CVD-grown ultralong graphene nanoribbons for high-performance electronics

Graphene nanoribbons (GNRs) with widths of a few nanometers are promising candidates for future nano-electronic applications due to their structurally tunable bandgaps, ultrahigh carrier mobilities, and exceptional stability. However, the direct growth of micrometer-long GNRs on insulating substrates, which is essential for the fabrication of nano-electronic devices, remains an immense challenge. Here, we report the growth of GNRs on an insulating hexagonal boron nitride (hBN) substrate through nanoparticle-catalyzed chemical vapor deposition (CVD). The as-grown GNRs exhibit highly desirable features being ultra-long (micrometers), ultra-narrow (a few nm), and atomically smooth edges. Remarkably, the as-grown GNRs are crystallographically aligned with the hBN substrate, forming one-dimensional (1D) moiré superlattices. The ultranarrow nature and bandgaps are revealed by high-resolution microscopic techniques and spectroscopy. Fully atomistic computational simulations support the experimental results and reveal a competition between the formation of GNRs and carbon nanotubes (CNTs) during the nucleation stage, and van der Waals sliding of the GNRs throughout the growth stage.
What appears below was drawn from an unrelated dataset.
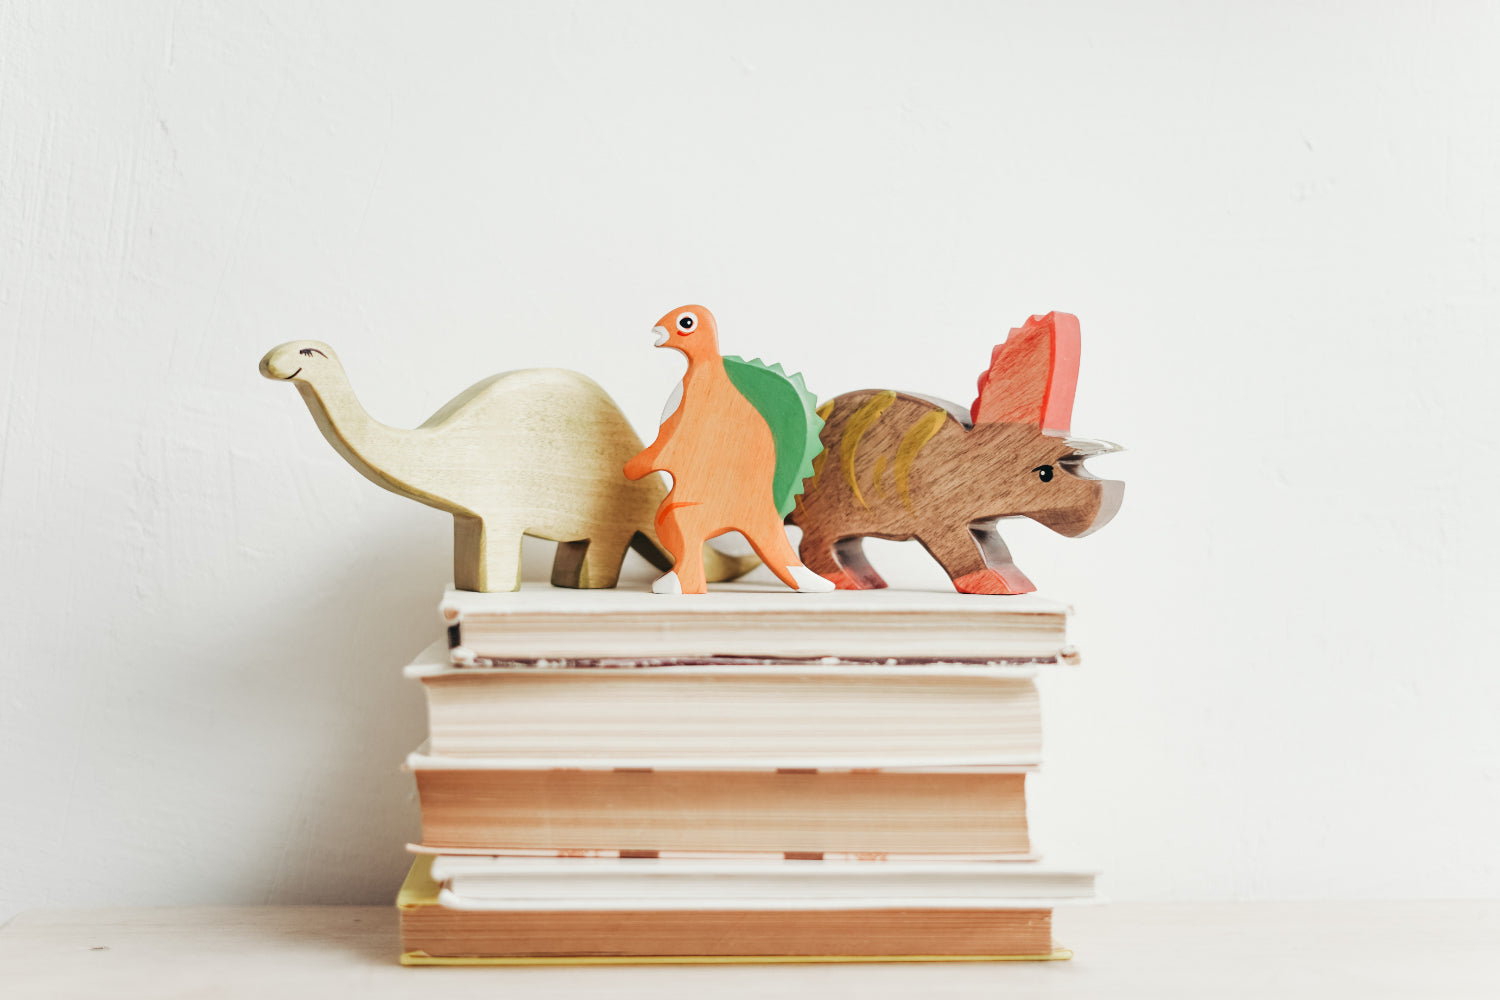 Stack of books topped with dinosaur toys
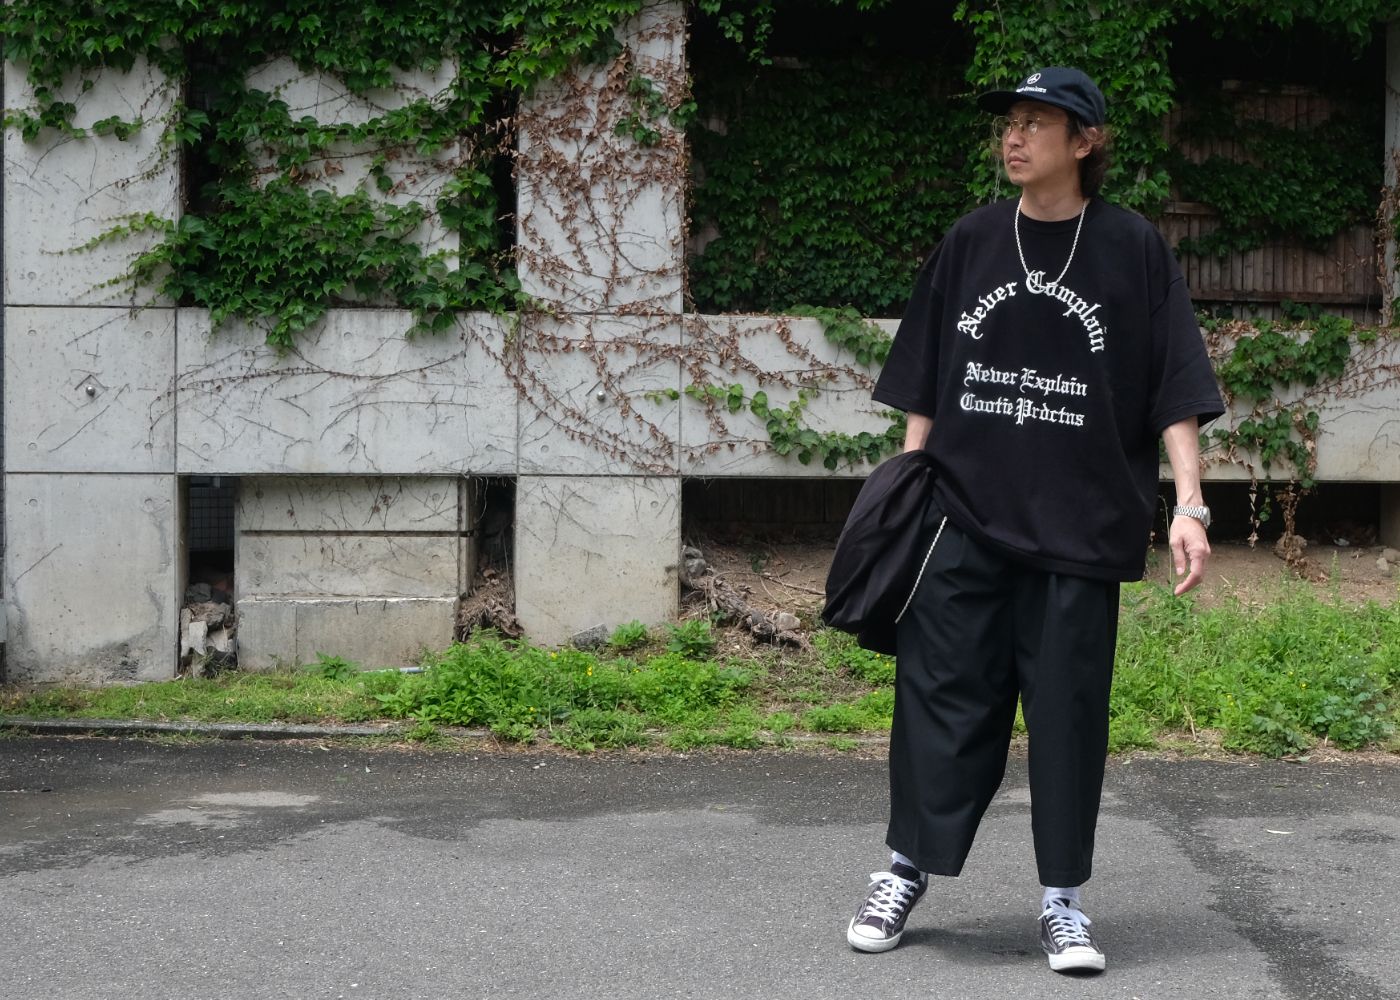 COOTIE PRODUCTIONS - T/R Shin Cut Wide Easy Trousers | LOOPHOLE

Using the grown structures, we demonstrate the transfer-free fabrication of GNR field-effect devices that exhibit excellent performance at room temperature. Our study provides a scalable, single-step method for growing micrometer-long narrow GNRs on insulating substrates, thus opening a route to explore the performance of high-quality GNR devices and the fundamental physics of 1D moiré superlattices.